Линия наступления Забайкальского фронта, в составе которого воевал мой отец, достигала в общей сложности почти 2700 километров, глубина продвижения – девятисот километров. Масштабы, по меркам войны с фашистской Германией, немыслимые. К тому же местность в Манчжурии преобладала пустынно-степная с резкими перепадами рельефа. По дневниковым записям отца, неизгладимое впечатление на наших бойцов производило соседство высоких гор с низкими лесисто-болотистыми участками, кое-где – таежными, пересеченными небольшими, но своенравными реками.
Постоянно давали о себе знать и особенности здешнего климата – непривычно резкие перепады суточной температуры и высокая влажность. Днем мучили жажда и зной, ночью – холод и сырость. А если прибавить к этому бесконечную неизвестность, помноженную на коварство противника, то картина получается и вовсе унылая. Добавим сюда постоянное передвижение, лязг техники, частые разрывы снарядов, лимитированный паек (война-то уже не такая “важная”…).

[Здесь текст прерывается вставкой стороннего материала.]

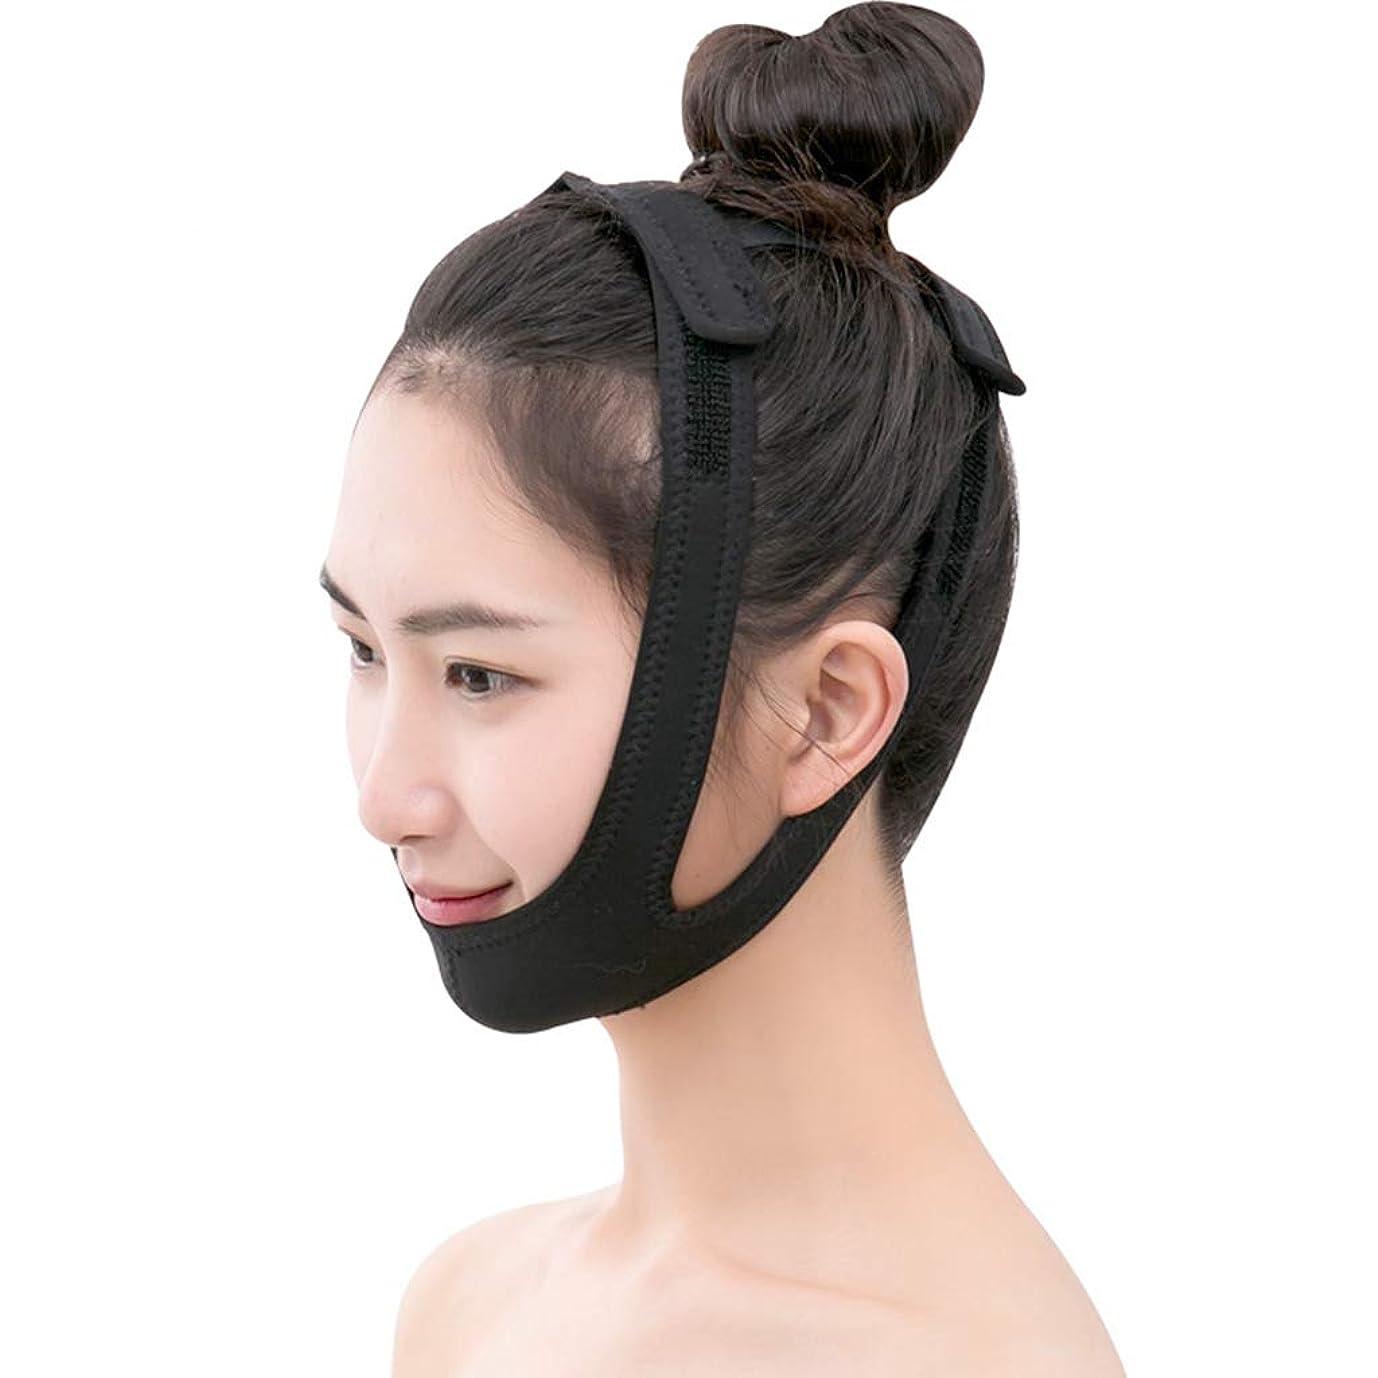 転倒ダーベビルのテス一方、顔リフト手術回復ライン彫刻顔リフト顔のリフト v 顔睡眠マスク

Такой виделась война Григорию Яшину – связисту, старшине 27-й армии запасного стрелкового полка Забайкального фронта.
А был Григорий Иванович представителем самой, быть может, мирной профессии – учителем. Талантливым педагогом, понимавшим детей с полуслова. Прекрасно знал физику, химию, биологию, естествознание, разбирался в технике, увлекался фотографией. В трудные послевоенные годы сумел заразить фотоделом мальчишек, организовывал для них кружки и лаборатории. У нас до сих пор хранится исписанная отцом тетрадь с методической разработкой о том, как объяснить детям устройство парового двигателя. Читаешь и удивляешься – просто и доступно.
А еще отец был талантливым художником-самоучкой, на праздниках – желанным гармонистом, позднее – отличным отцом. Это я знаю со слов моей матери, с которой он познакомился уже после войны.
Моя мама тоже была учителем с большой буквы. Дети за глаза звали ее “профессором русского языка”. Мы, их дети, унаследовали любовь к одной общей для нас профессии. Наш совокупный семейный учительский стаж перевалил сегодня за сто лет.
Григорий Яшин родился
в многодетной крестьянской семье, проживавшей в верхнеуслонской глубинке. После окончания Казанской учительской школы по распределению попал в семилетку в алькеевской глубинке, в селе Юхмачи. Но вскоре настало время исполнить долг защитника Отечества – идти на службу в Красную Армию. Это произошло в октябре неспокойного 1939 года. Направление же оказалось далеким – Дальний Восток.
…Я тоже клятву Родине давал
Быть в битве храбрым,
смелым.
Семь лет к границе не пускал
Японцев озверелых.
Эти строки, как и еще несколько десятков стихотворений, отец написал в небольшом ауле посреди пустыни Гоби.
Демобилизовавшись в 1947-м, отец вернулся на родину и встретил маму. А дальше – все как положено настоящему мужчине: построил дом в поселке Октябрьский, что под Казанью, родил нас с братом, посадил аллею берез возле школы. Эти деревья и сегодня радуют ребятишек своей задумчивой красотой. Учительствовал, был завучем, позднее – директором школы.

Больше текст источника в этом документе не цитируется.